(DATA SHOWN Opens)

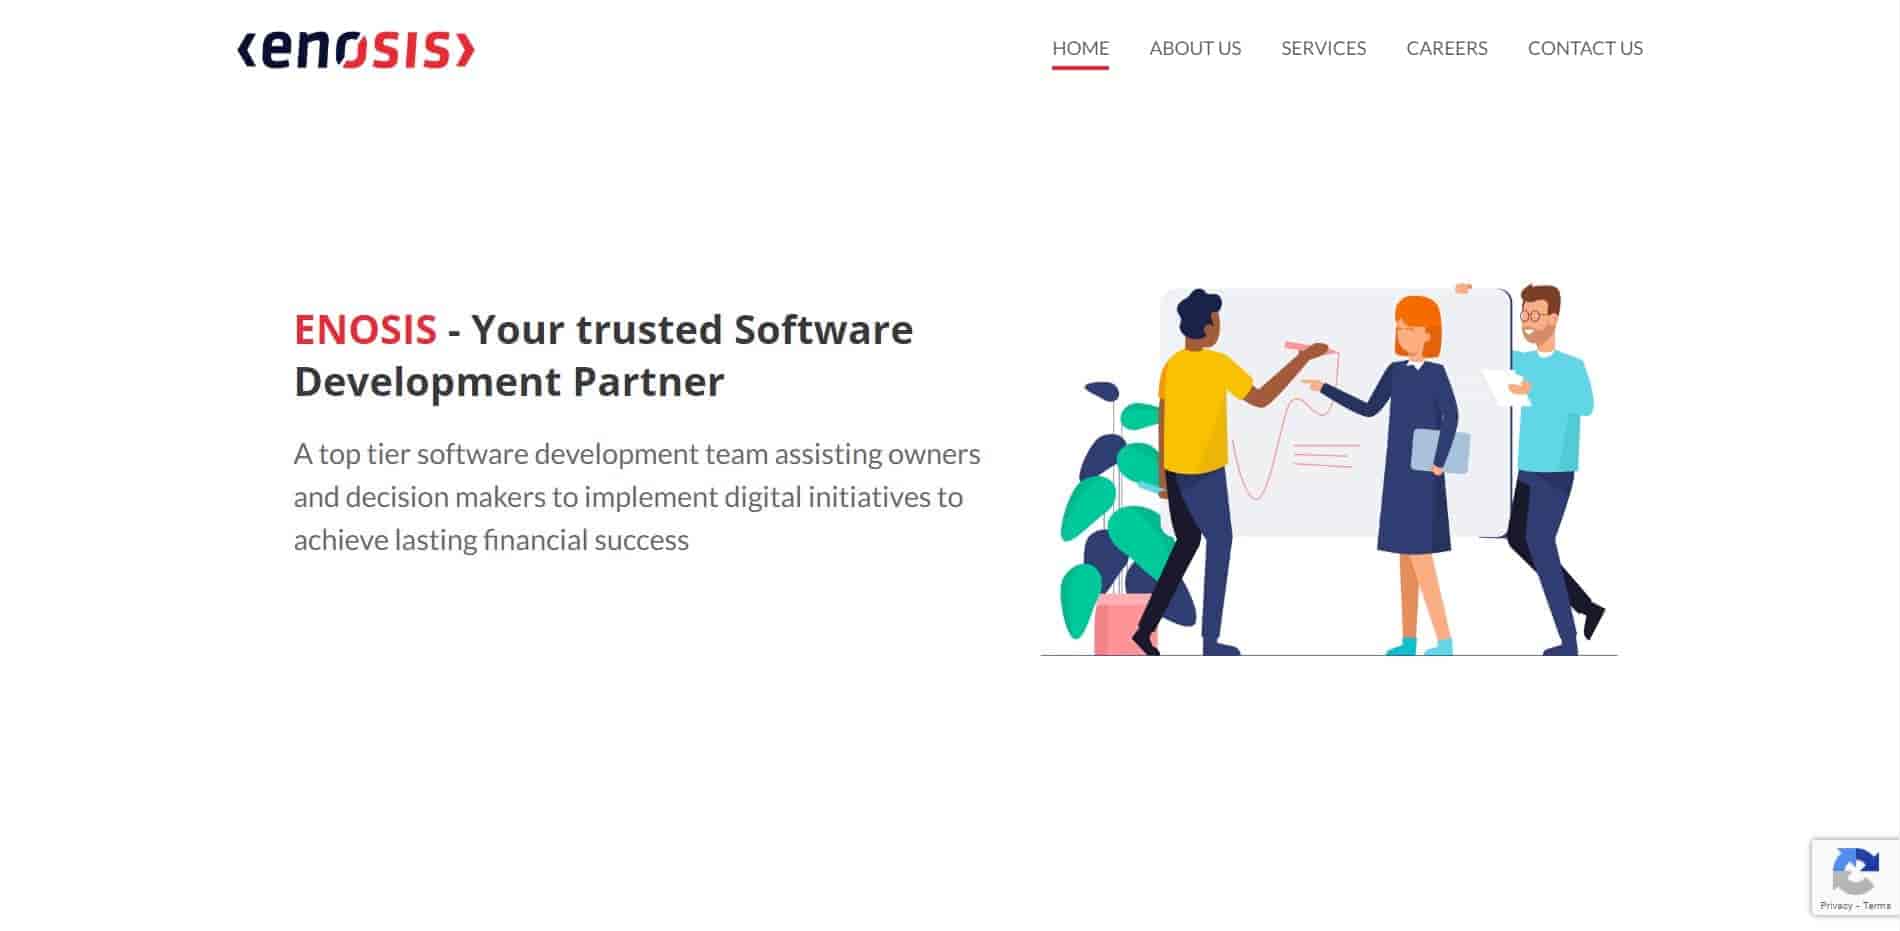 An still image of Enosis, one of the best software companies in Bangladesh mentioning 'Your trusted software development partner' and other details into their services.
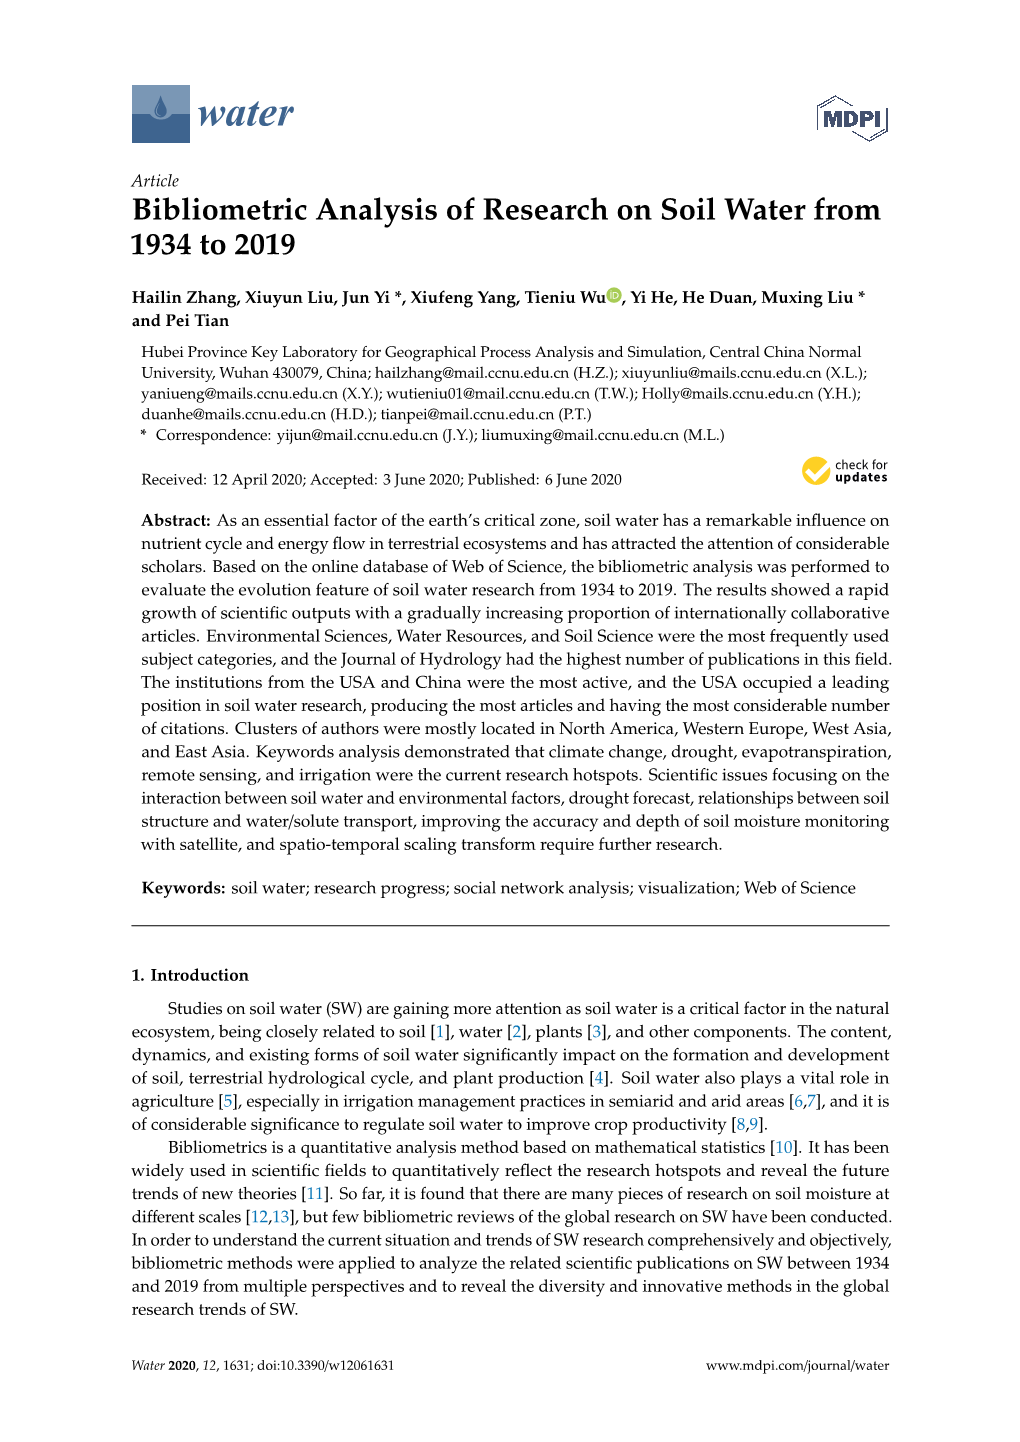 Bibliometric Analysis of Research on Soil Water from 1934 to 2019
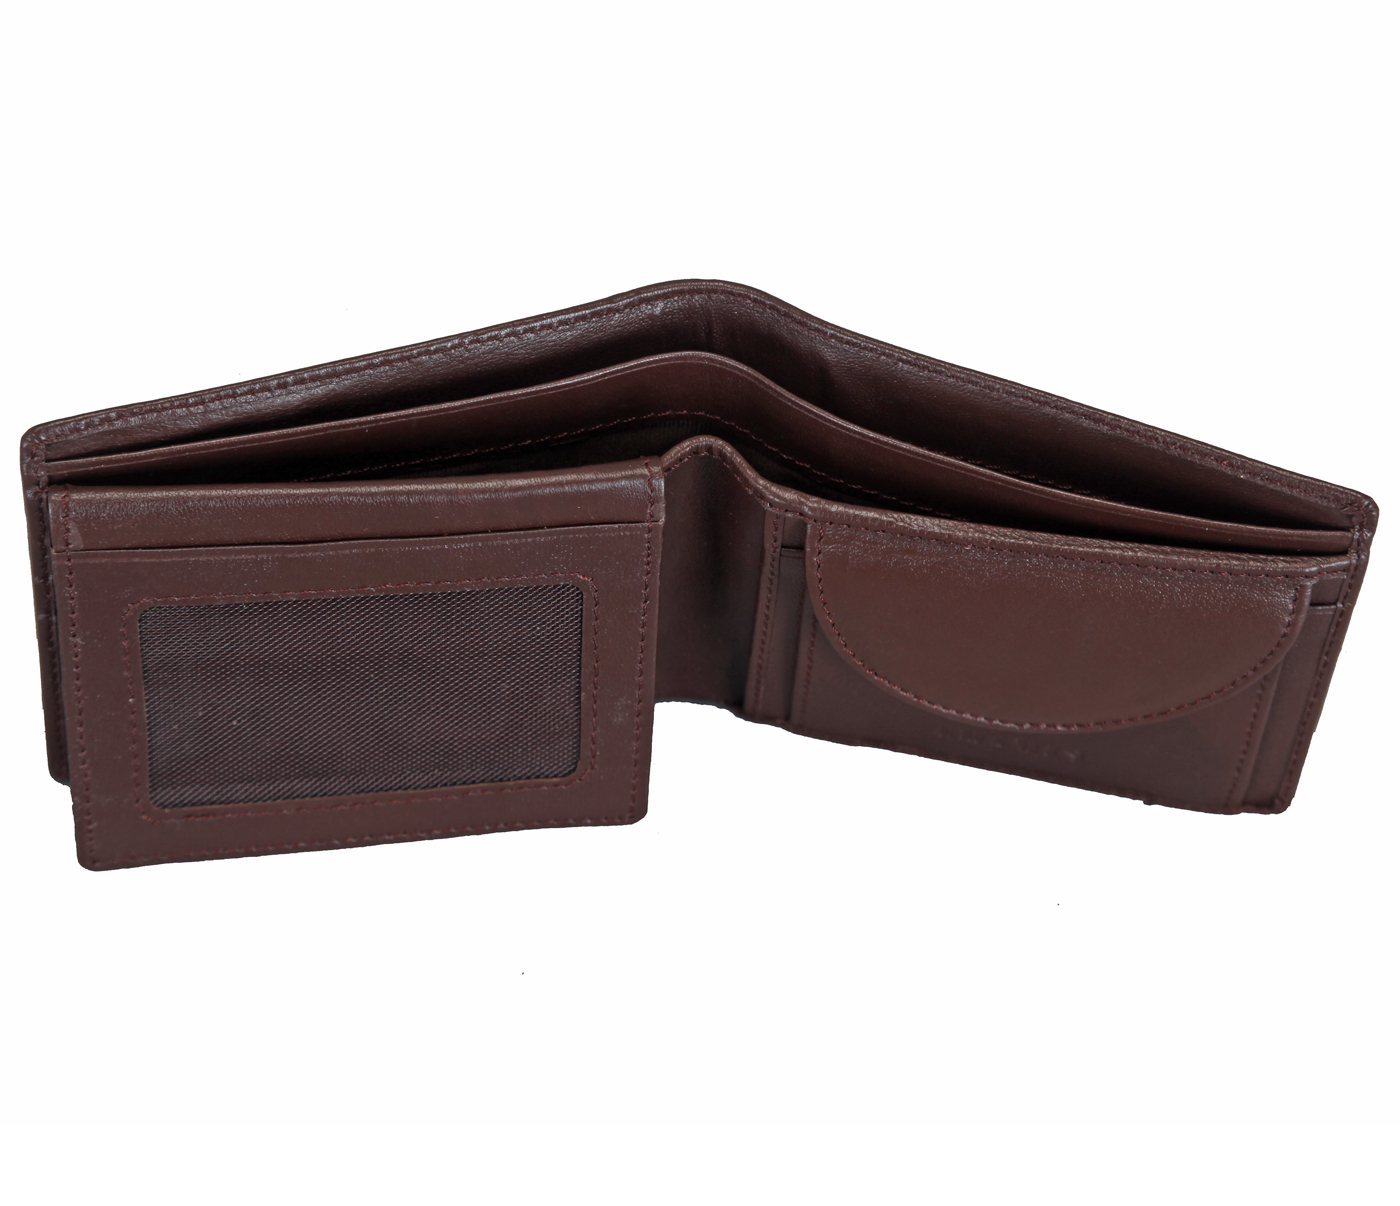 W256-Hudson-Men's bifold wallet with coin pocket in Genuine Leather - Brown.

(DATA SHOWN Closes)

EXERCISE REQUIREMENTS: Retype the data above exactly. Leave the pictures out.

ANSWER AREA:
 An still image of Enosis, one of the best software companies in Bangladesh mentioning 'Your trusted software development partner' and other details into their services.
 Bibliometric Analysis of Research on Soil Water from 1934 to 2019
 W256-Hudson-Men's bifold wallet with coin pocket in Genuine Leather - Brown.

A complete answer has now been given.